If we understand well, two statements are equivalent. Indeed the noise of the feature is $z(X_{t+s}) - \mathbb{E}[z(X\_{t+s})\vert X_t] = z(X\_{t+s}) -[ {\cal T}\_s z ] (X_t)$ , and from one trajectory we only observe an instance of the r. v. $z(X_{t+s})$ , and not the output of TO.
Please see our general reply.

Ref: [D] Zhang et al., Effective dynamics along given reaction coordinates and reaction rate theory. Faraday Discuss. (2016)

2024-08-12

Thank you for these nice explanations! I fully agree that studying and recovering dynamics from biased simulations is an important problem and appreciate any ML work done for it. I think the paper should be accepted.

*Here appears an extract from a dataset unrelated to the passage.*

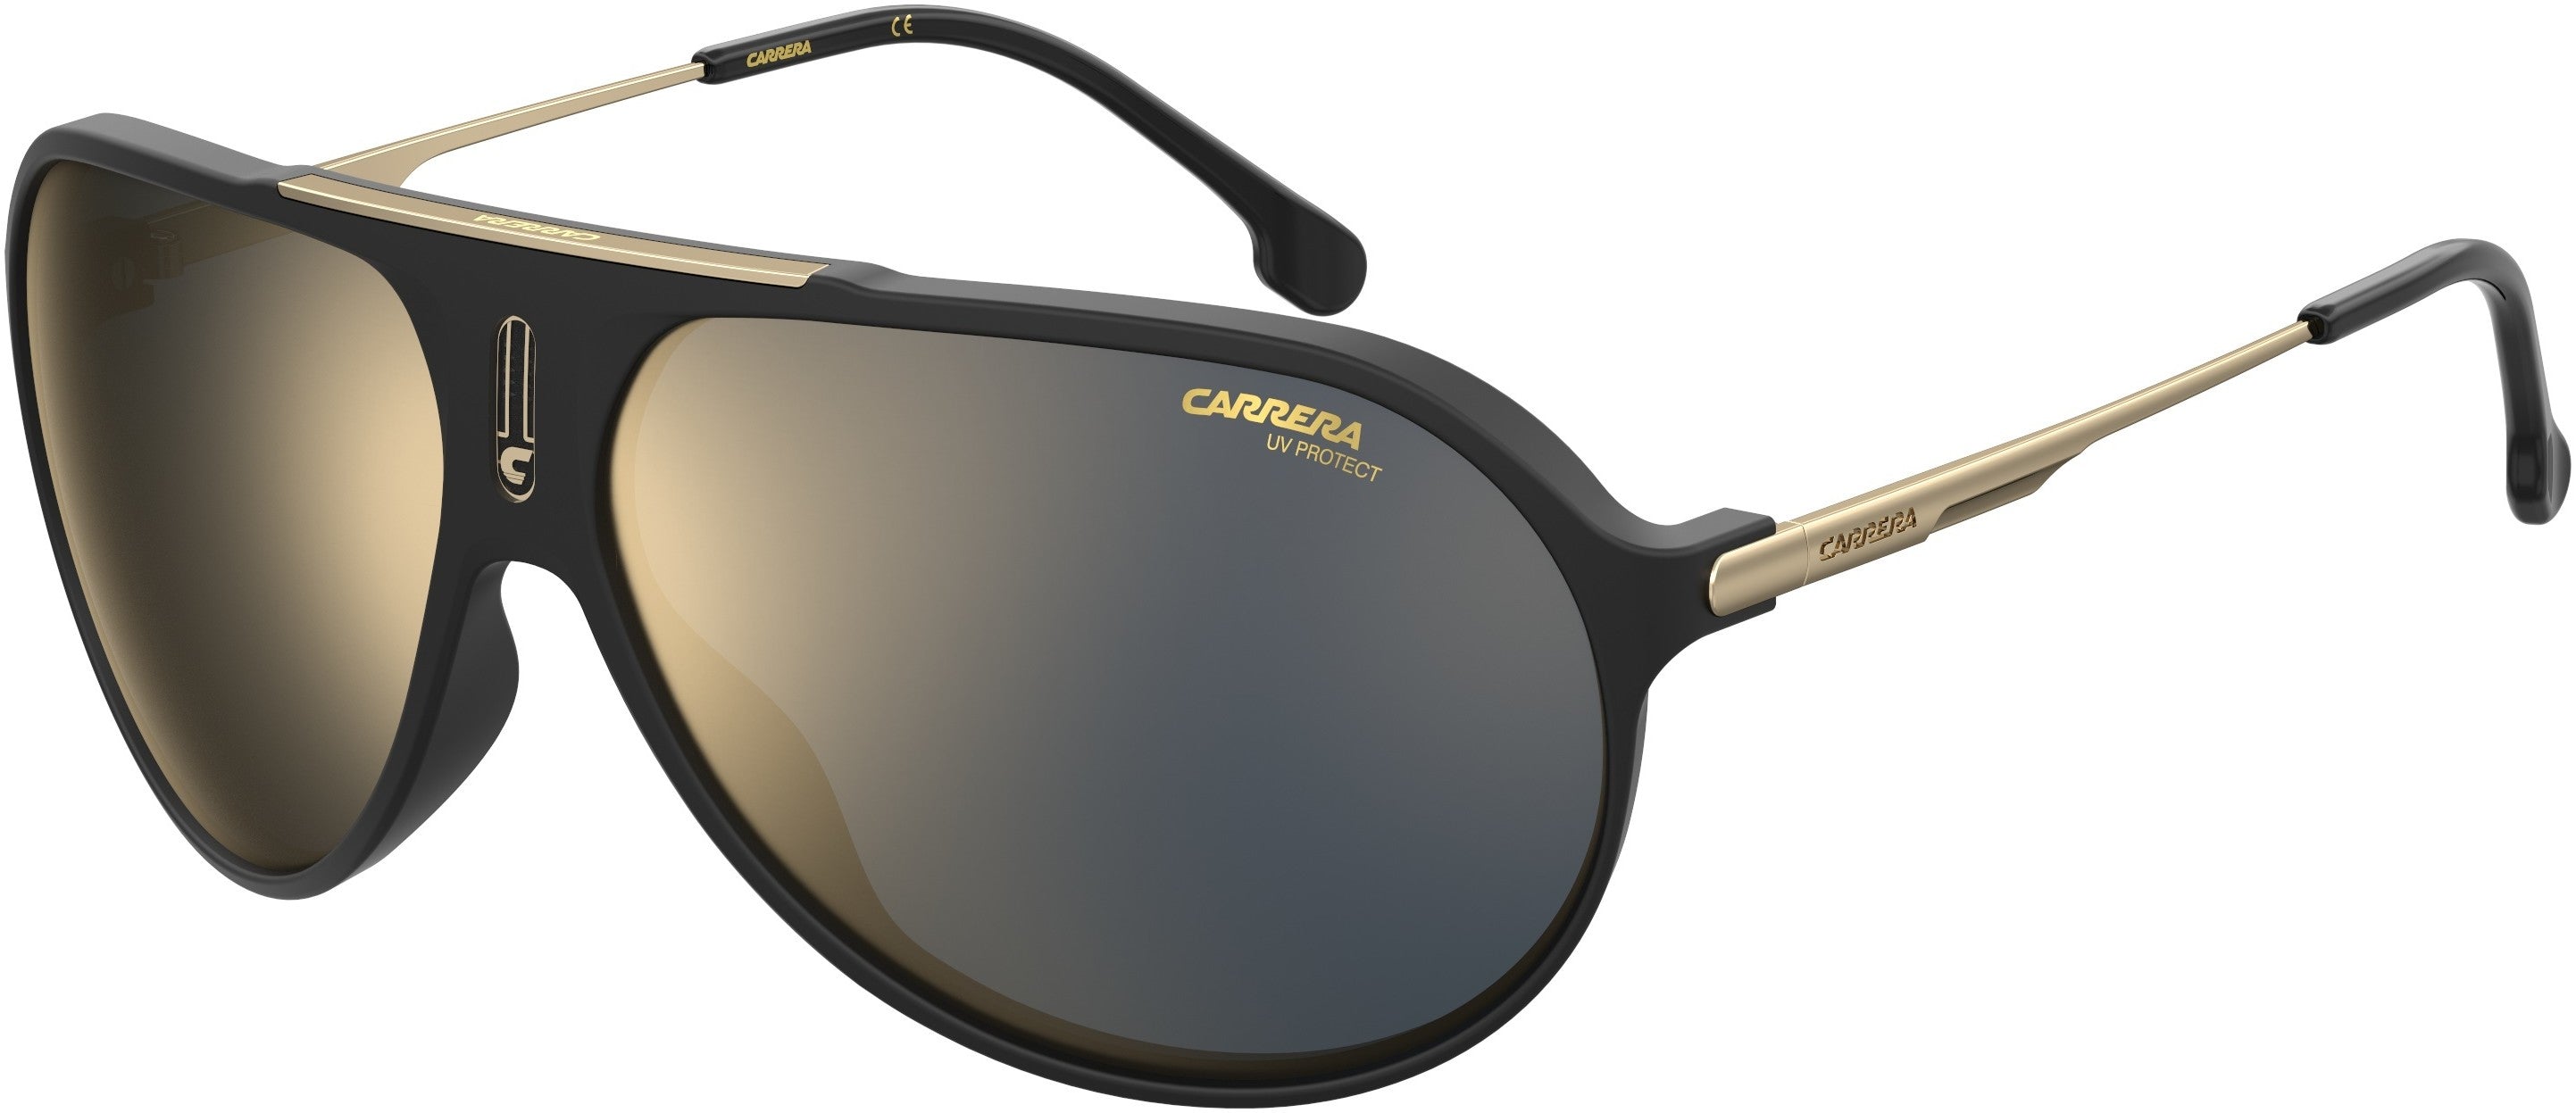 Carrera Hot 65 Aviator Sunglasses 0I46-0I46  Black Gold (JO Gray Gold Mirro)

I appreciate the chignolin experiment.

Minor: Could you put your work a bit into context with "Implicit Transfer Operator Learning: Multiple Time-Resolution Surrogates for Molecular Dynamics" https://arxiv.org/abs/2305.18046 . They only learn the transfer operator. However, they also provide experiments on Chignolin. Are there inherent reasons why learning the generator might scale worse than learning the operator?

My main concern (maybe it was naive) was in thinking that CVs (which you are learning by learning the generator and using its eigenfunctions) main or only value is in using them for further biased simulations. Thus, the question of why one biased simulation with your CVs would be better than the first biased simulation. This also seems valuable, and you suggest it in the general rebuttal, but do not try it. \ Important:
However, as far as I understand, you suggest that I was wrong in assuming that learning the generator is only valuable for obtaining CVs and using them for biasing simulations. Learning them is also valuable to e.g. recover the free energy surface from a biased simulation or to recover dynamical quantities about transitions - please let me know if this understanding is correct.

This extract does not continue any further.